A New Zápotek in Brooklyn

The great Czech in action

Emil Zápotek (1922-2000) was an amazing runner and an extraordinary, giving, selfless human being. Living and running behind the Iron Curtain the Czeck managed to impress his fellow elite runners, and everyone who met him. According to Running Times he was simply ‘the most beloved Czeck athlete ever’. In his excellent book Born to Run Christopher McDougall wonders whether the capacity to love well and to run well are related. McDougall seems to think so, and Zápotek serves as a key witness for that argument.

I thought of Zápotek the other day when my good friend Tomas ran an excellent PR of 2:59 on the North Central Trail Marathon outside Baltimore. Tomas, too, is Czech. He, too, is an impressive runner and a person you always want on your side and your team. In my book I describe how my old grad school friend inspired, prepared and accompanied me for my first marathon along the New Jersey coast line 2007. Seriously, if anyone can be blamed for my running love/obsession, it’s Kellner.

At first he was a solid, even runner, an inspiration to me and our running friends Cécile and Andy. But after turning 40 Tomas really found his groove, his speed and amazing capacity to run long, fast and focused.
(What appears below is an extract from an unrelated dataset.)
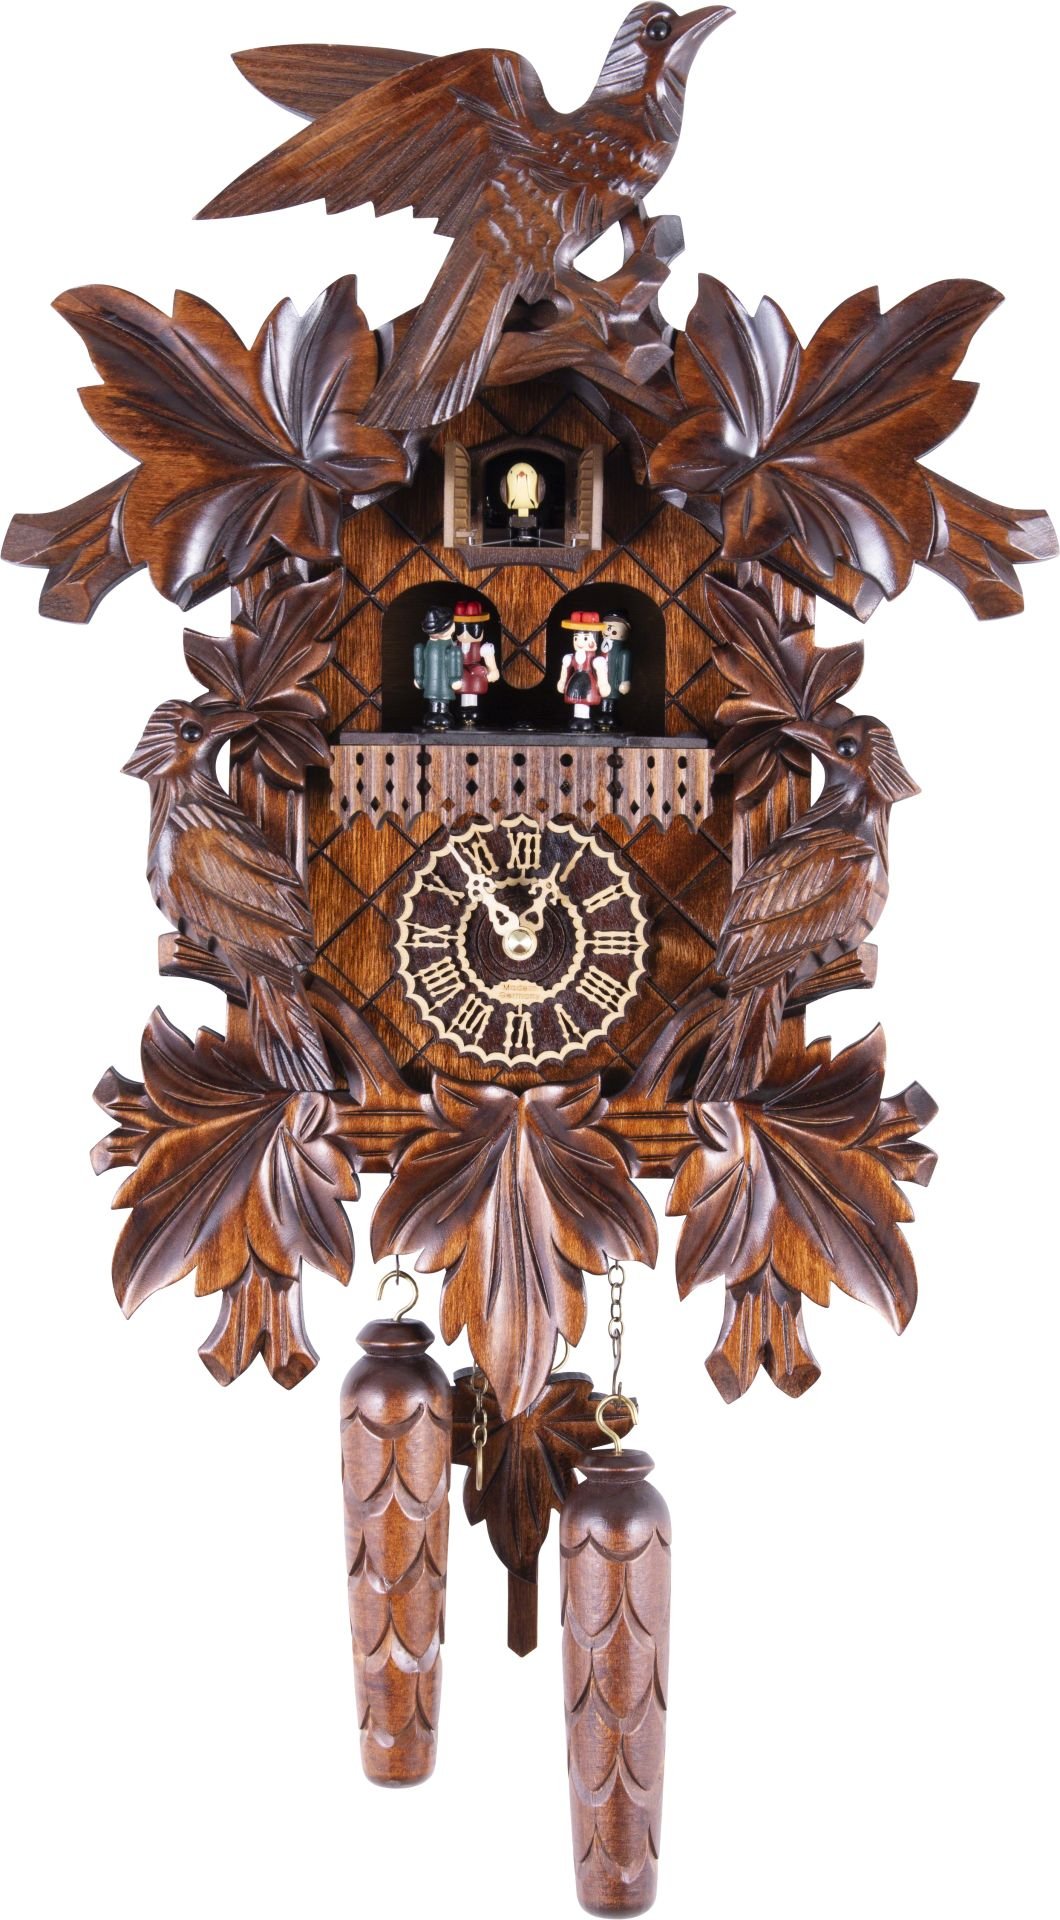 Kuckucksuhr geschnitzt Quarz-Uhrwerk 42cm von Trenkle Uhren
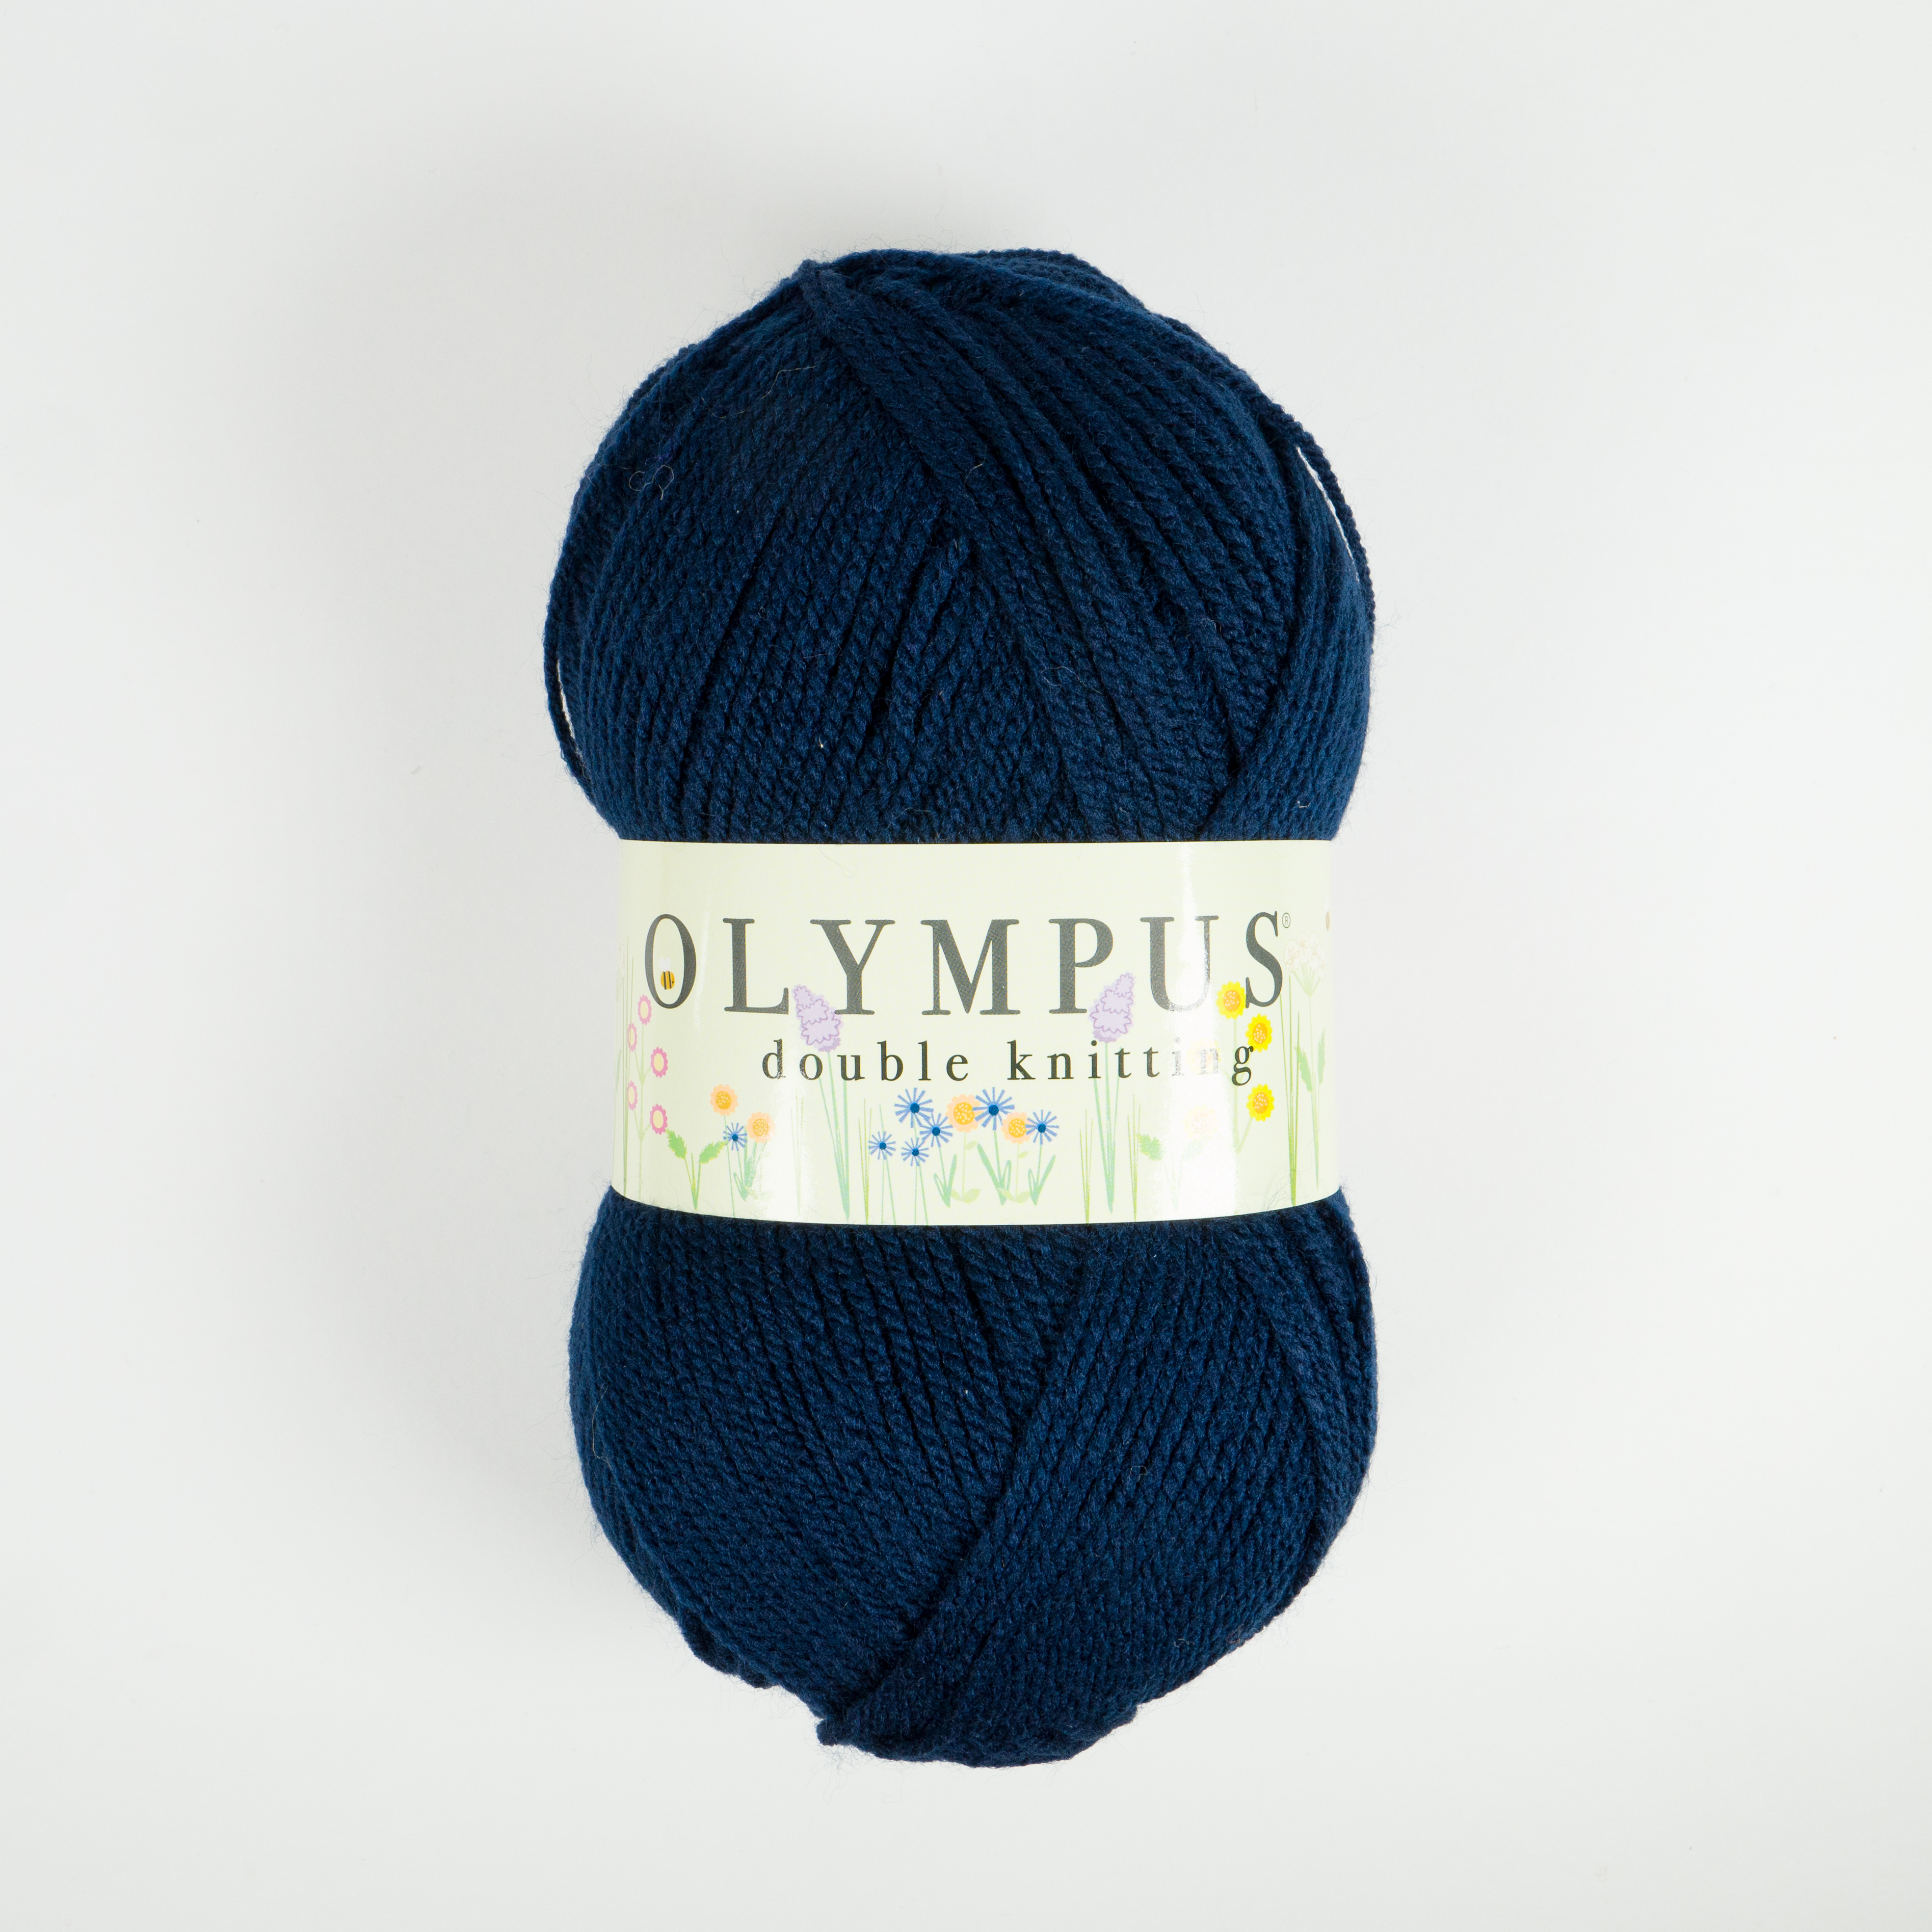 OLYMPUS DK 10X100G 864 Blue

So here’s a man who is raising three kids, working hard, and running each day before the sun rises. This year –shortly after guiding a blind runner during the NYC Marathon in under 4 hours– he hosted a wonderful Thanksgiving dinner in Brooklyn. To then teach of all us a lesson two days later, with that beautiful, evenly run 2:59. Afterward he sent us an email which I don’t think he’ll mind me quoting: ‘I’m still dumbstruck. It went by so fast.’

No kidding.

Just another marathon for Kellner (NYC 2009)

So this is a good time to post the last Why We Run under ‘Inspirations’. Here it is.



It may sound simplistic but for me running has become a physical addiction. I don’t function well if I miss my morning six-mile constitutional, and if I do I keep looking for a hole for the rest of the day to squeeze a run in, even a quick one. Running puts me at peace, clears my mind, lets me think, focus. There is something magical about pushing yourself hard at the crack of dawn through empty city streets, deserted parks or along a country road. You feel like the world belongs to you. Add the adrenaline rush of running at a fast clip and there is no escaping. You get hooked for life.

Incidentally, running is also a great way to discover your city or learn about and visit a new place. I’ve just clocked 70 miles in central Kiev. Know anyone who needs a guide?

*As I was writing my book I asked my running friends: Why do you run? Their answers varied wildly. Put together they provide a pretty good answer to the ultimate question that is at the heart of my book. In the end I was unable to include these thoughtful, honest answers in De rennende Hollander. During the coming weeks I will publish them here, one a day, with minimal editing. Re-reading these words provides me with new inspiration every time.

Kellner, Van H, Rasmussen (NYC 2007)


3 thoughts on “A New Zápotek in Brooklyn

  1. D., I sincerely appreciate what you wrote. You bring tears to my eyes (yes, running is an emotional sport and you can’t just blame everything on dopamine.) I’ll be forever glad to be your inspiration, but I would be forever stuck in the dreadful 3:30s if you and Cecile did not show me what is possible. I also have to mention Aimee since without her and the Kellners and their support, this passion of mine would not be possible. And now that Eva can run a 5-miler with sub-10 splits, we may soon have a new Eurotrash member!